Обсуждение: Performance question

Поиск
Список
Период
Сортировка

Performance question

От
Jean-Christian Imbeault
Дата:
I'm trying to convince another open-source project (phpOpenTracker) to
modify their current INSERT sql queries. Currently they just do an
INSERT into a table without first checking if their might be a record
with the same primary key.

The reason for this that they need fast inserts and most user I assume
are using MySQL which silently drops INSERT queries that violate primary
key constraints.

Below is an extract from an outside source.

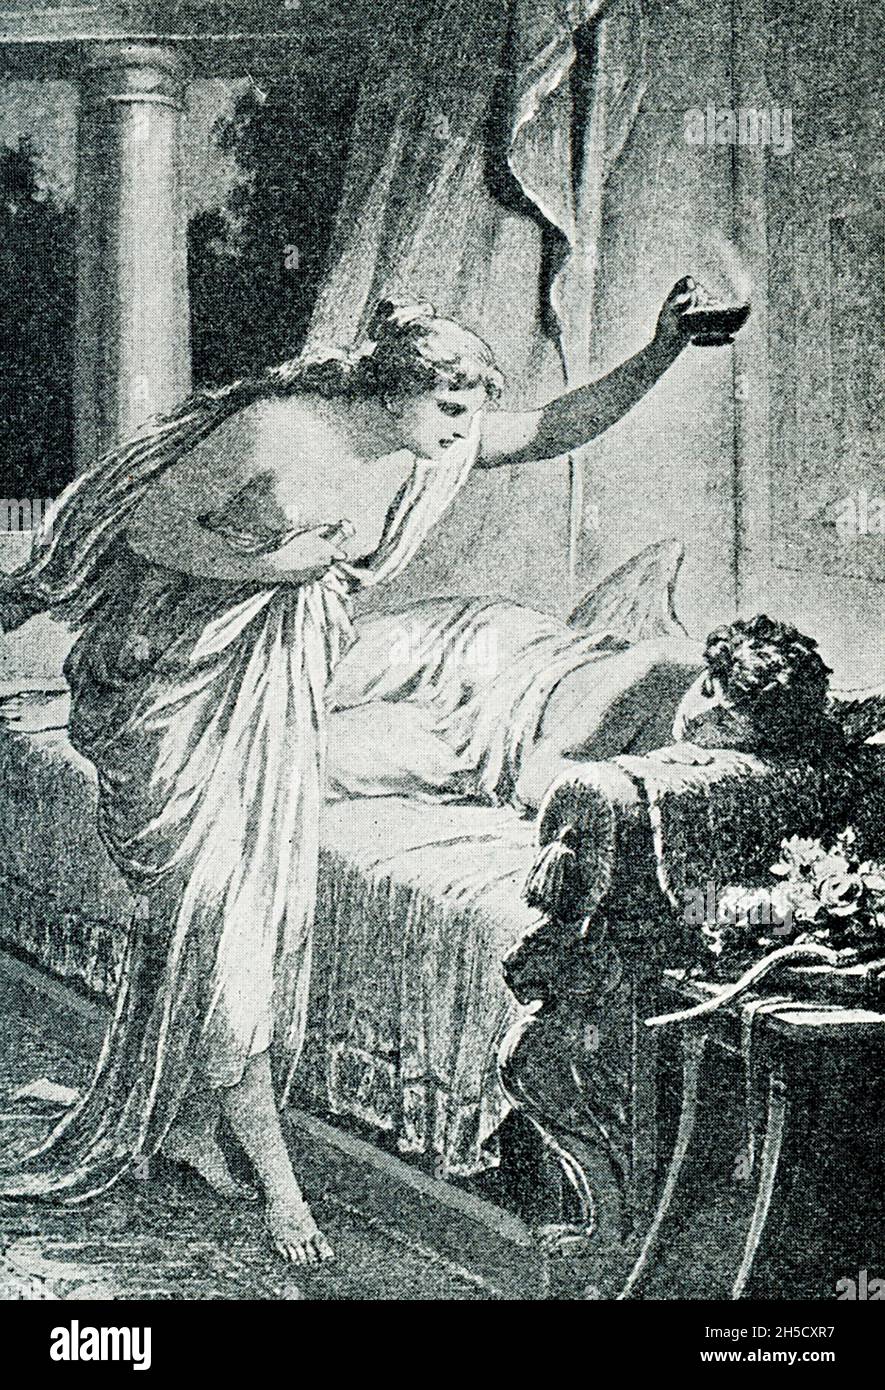 Según la mitología griega y romana, Cupido (Eros a los griegos) era el dios del amor. Su madre, Venus (Afrodita), estaba celosa de Psyche, una princesa mortal, y envió a Cupido a dispararla con una flecha de amor que la haría enamorarse de una criatura horrible. Por accidente, Cupido se engañó a sí mismo como lo hizo y revirtió el efecto en Psyche. Venus intentó sin éxito mantener los dos separados. Finalmente, Cupido y Pysche fueron autorizados a casarse, y a Psyche se le concedió inmortalidad. Aquí Pysche mira a Cuopid dormido – mito dice que una gota de la cera caliente de la vela cayó sobre Cupido, lo despertó, a. Foto de stock

But postgres on the other hand (and rightly so) issues
and logs an error.

I have suggested that their current INSERT INTO t VALUES() be changed to:

INSERT INTO
   T
SELECT 'v1', 'v2'
WHERE
   NOT EXISTS (
     SELECT NULL FROM t WHERE pk='v1'
   )

However one of the developers is worried that this would cause a
performance drop for MySQL users b/c of the extra SELECT in my version
of the INSERT query.

I had thought that the 'extra' SELECT isn't really extra at all since
*any* DB still has to check that there is a record with the primary key
that we are trying to insert. So whereas in my query the SELECT is
explicitly stated in the regular version of a simple INSERT, the select
is still there but implicit since there was a primary key defined on the
table. So there really shouldn't be much, if any of a performance drop.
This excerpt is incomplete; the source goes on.